MCS served the entire city of Memphis. Some areas of unincorporated Shelby County were zoned to Memphis City Schools from Kindergarten through 12th grade. Some unincorporated areas of Shelby County were zoned to schools in Shelby County Schools for elementary and middle school and Memphis City Schools for high school.

As of August 2014 there are six new municipal school districts. Collierville Schools, Bartlett City Schools, Millington Municipal Schools, Germantown Municipal Schools, Arlington Community Schools and Lakeland School System.
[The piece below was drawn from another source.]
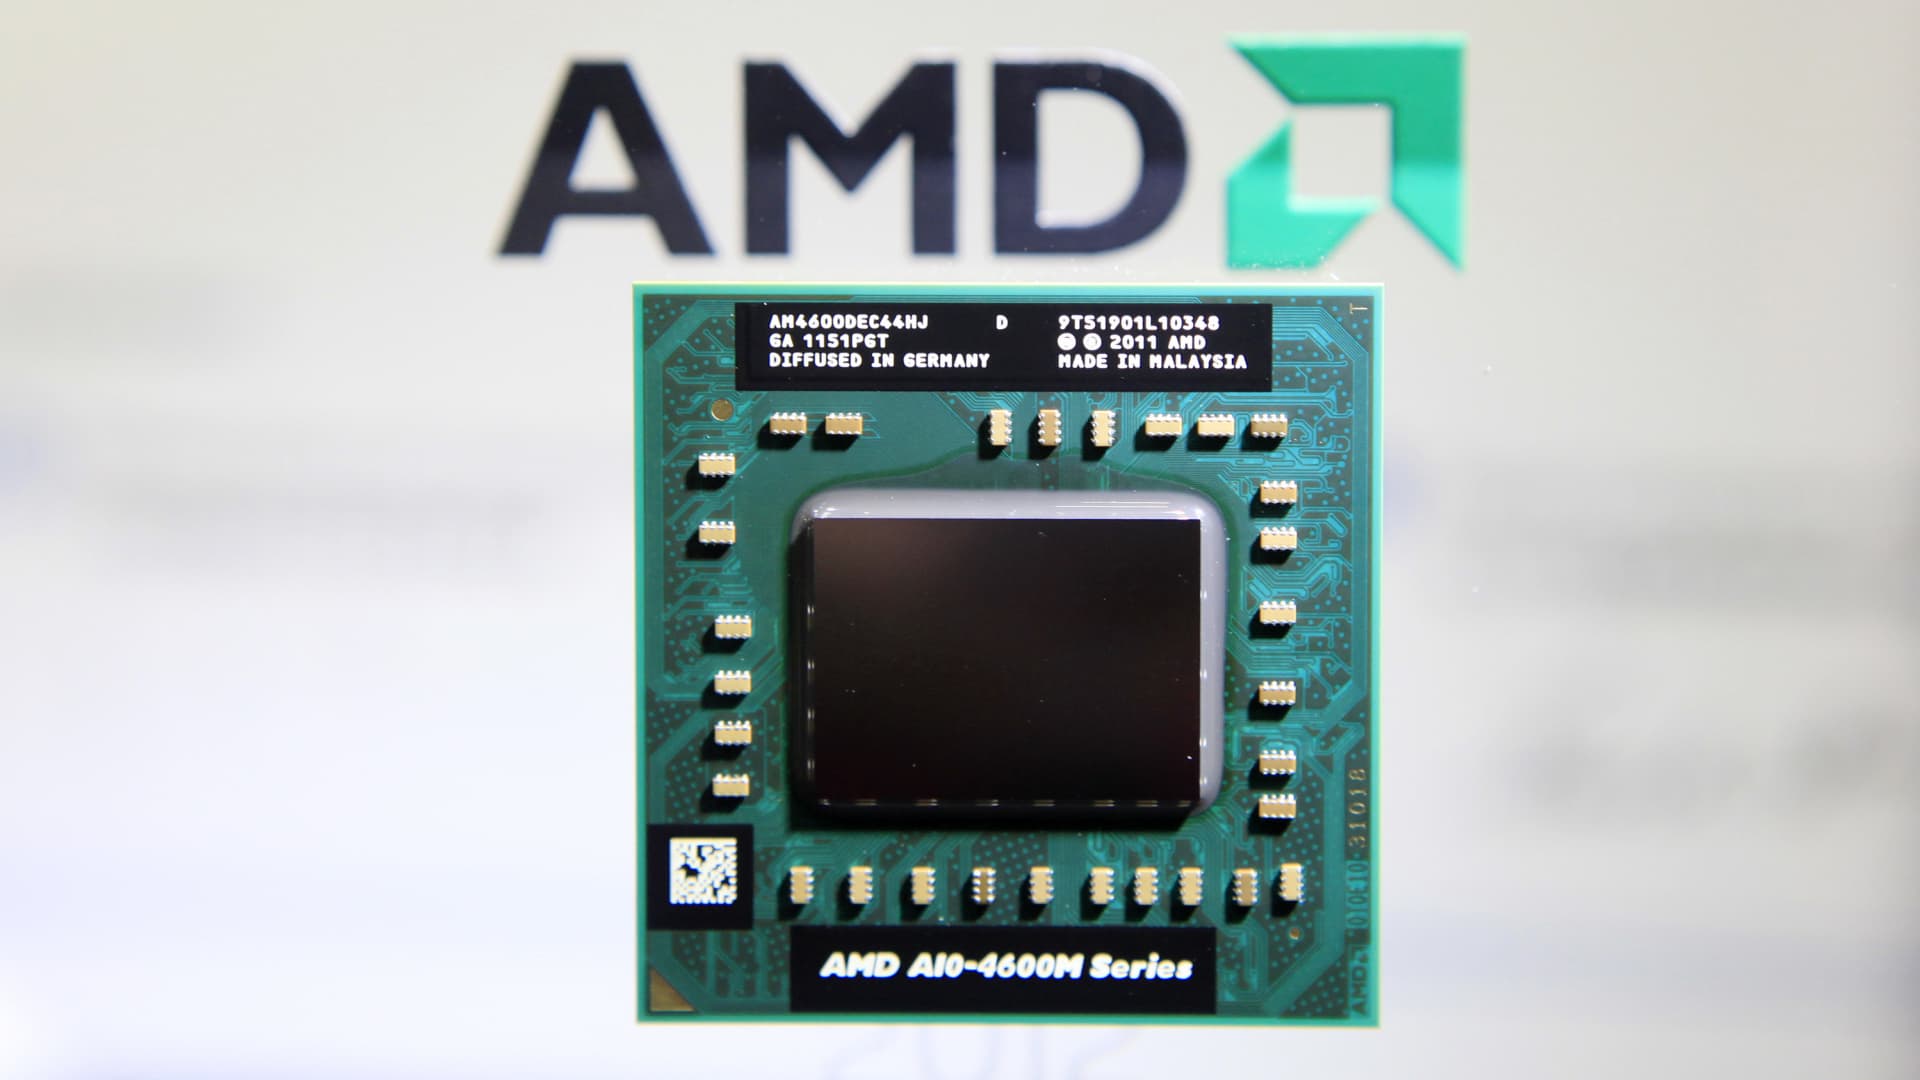 Stocks making the biggest moves midday: Advanced Micro Devices, Alphabet, Sprinklr, Chewy and more
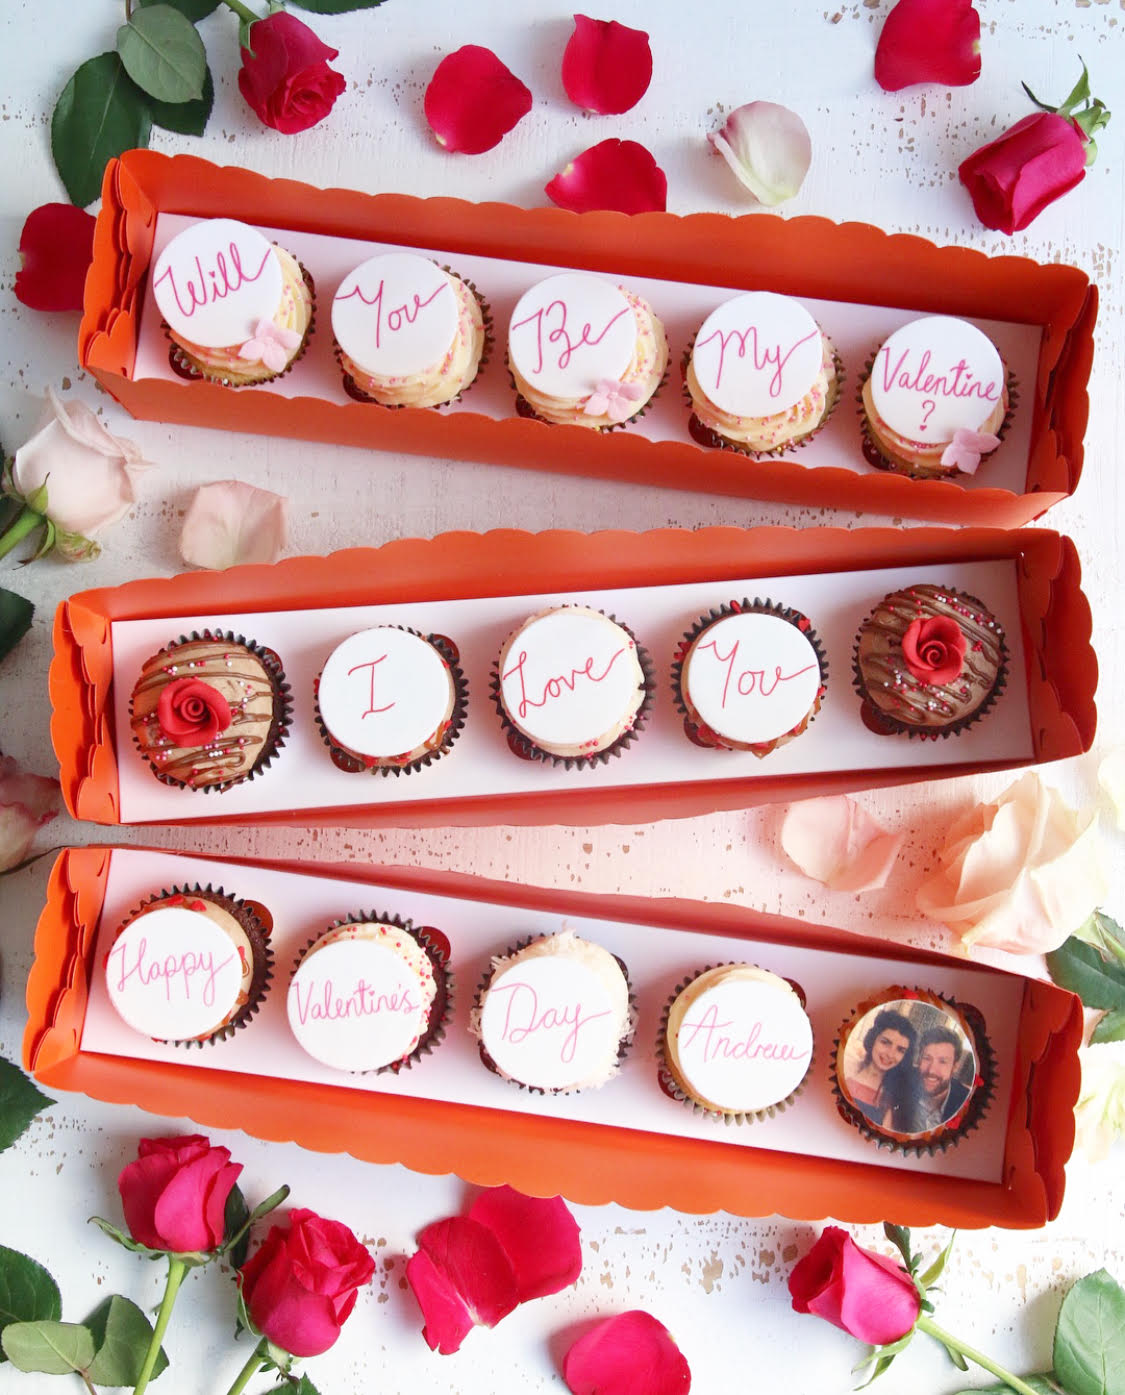 Say It With Cake...Valentine's Cupcakes

Shelby County Schools serves the city of Memphis and as well the  unincorporated areas of Shelby County.

History

In the mid-1960s, the district had about 130,000 students. The numbers of white students and black students were almost equal.

In the mid-1960s, the district still segregated its schools. Daniel Kiel, a law professor at the University of Memphis who had authored publications about school integration in Memphis, said that the efforts to desegregate were, as paraphrased by Sam Dillon of The New York Times, "subterfuge and delay". Desegregation first began with the Memphis 13, a group of first graders. In 1973, the federal government ordered desegregation busing in Memphis. As a result, massive white flight occurred in Memphis City Schools. In 1973, the school district had 71,000 White students. In a period of four years, 40,000 of the White students left.

In July 2011, the Memphis City Schools Board of Commissioners voted to postpone opening Memphis City Schools indefinitely until the Memphis City Council provided money set aside for the school system. The incident was reported in national news.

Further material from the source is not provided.